Hermann Höfle (; 12 September 1898 – 9 December 1947) was a German SS and police official during the Nazi era who served as SS and Police Leader (HSSPF).

Biography
Höfle, the son of a post office official, was drafted in World War I to the Bavarian Army. In 1916 he joined 8th Königlich Bayerisches Infanterie-Regiment "Großherzog Friedrich II. von Baden"; later he served as an observation pilot. After the war he was with the Freikorps von Epp and the Bund Reichskriegsflagge of Ernst Röhm and participated in the Beer Hall Putsch. He officially joined the Sturmabteilung (SA) in the early 1930s. From 1920 to 1934 he was an officer with the Reichswehr and left with the rank of major in the Reserve. He was also qualified as a Spanish language interpreter in 1931. He was married in 1925 and had two daughters.
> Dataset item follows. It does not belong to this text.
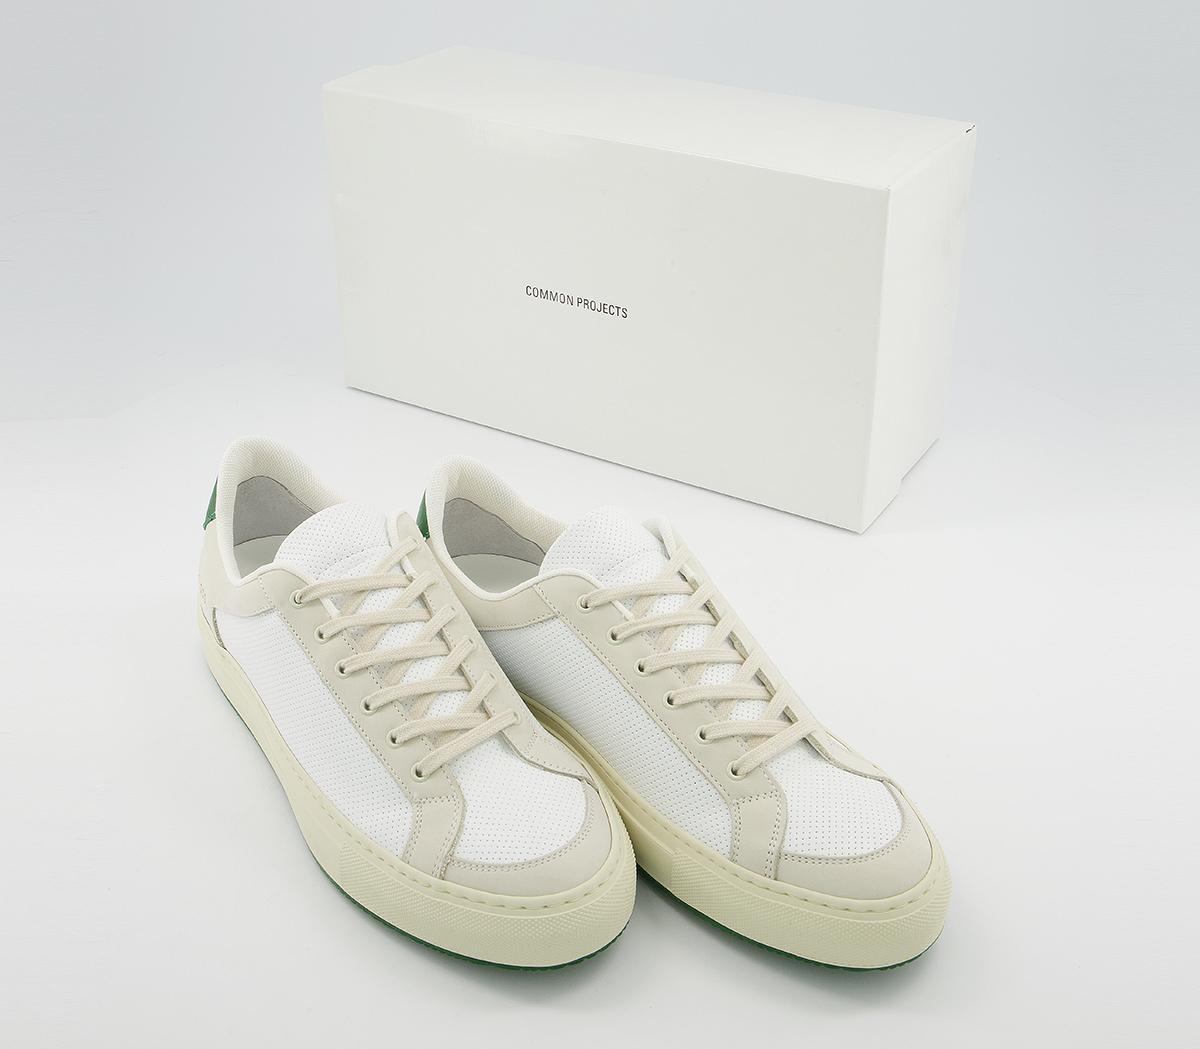 Common Projects Retro Low 70s Article Trainers White Green - His trainers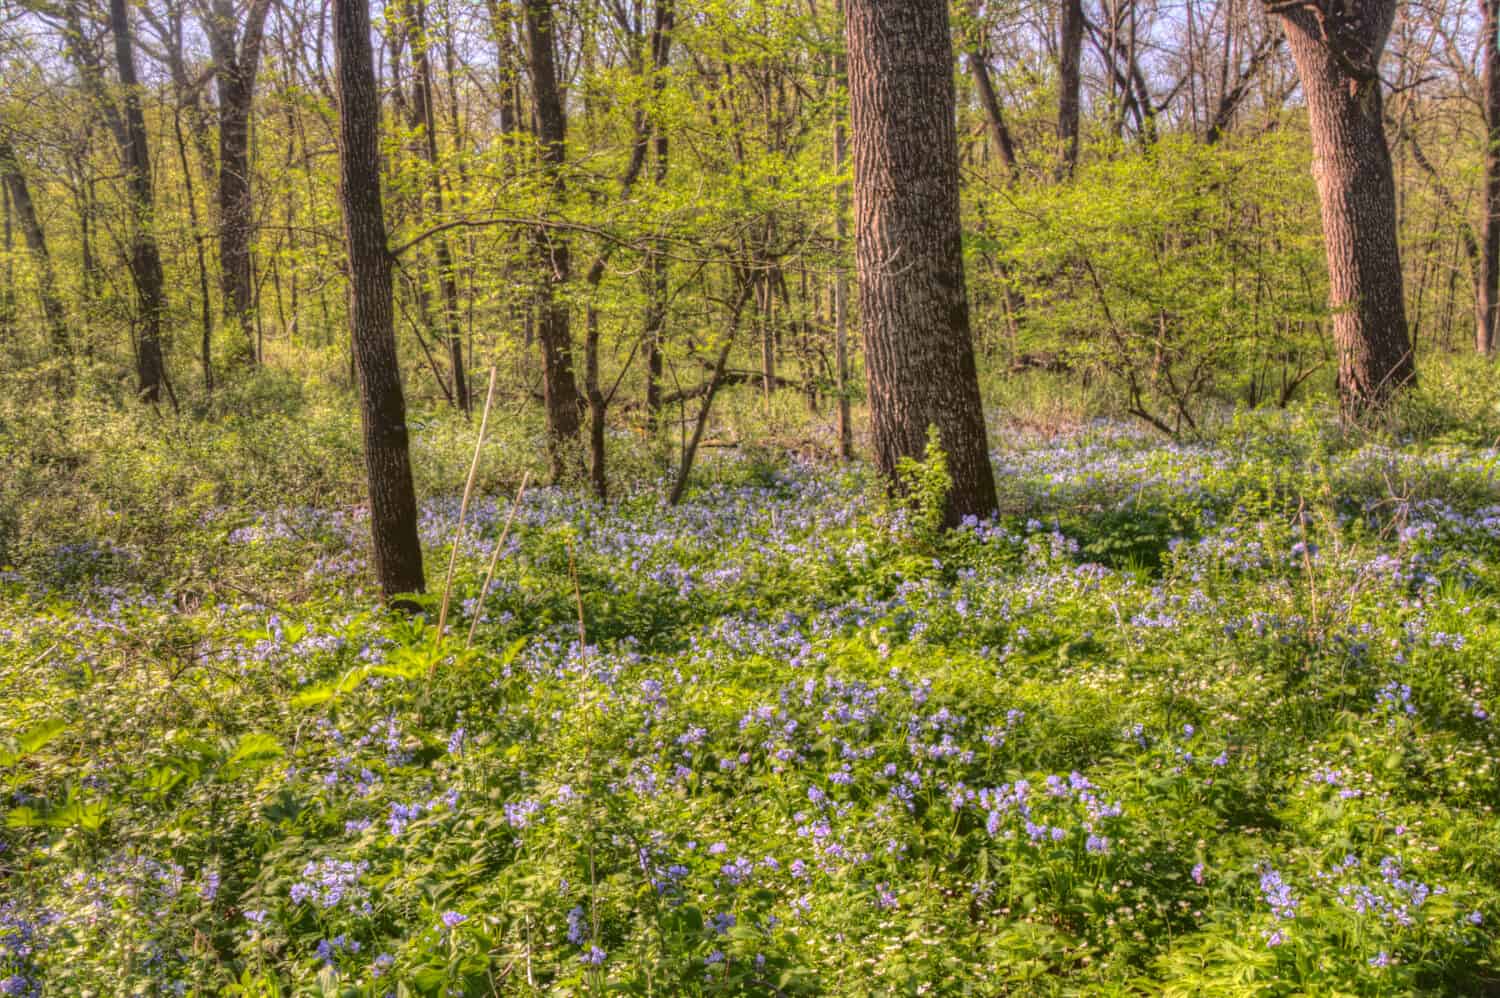 Carley State Park is a Rural area northwest of Rochester, Minnesota with Bluebells in late Spring

From August 1934 to January 1937 he was leader of the National Socialist Motor Corps (NSKK) in Munich, director of the NSKK Reichsführerschule from 1935 to 1937 and, starting from August 1937, inspector of NSKK training. He was leader of the NSKK brigade "Ostmark" from June to September 1937, then leader of the NSKK Motorgruppe "Niederschlesien" until December 1941 and finally leader of the NSKK Motorgruppe "Upper Silesia" from 1 July 1943. Besides it led the NSKK Verkehrskompanien in the corps.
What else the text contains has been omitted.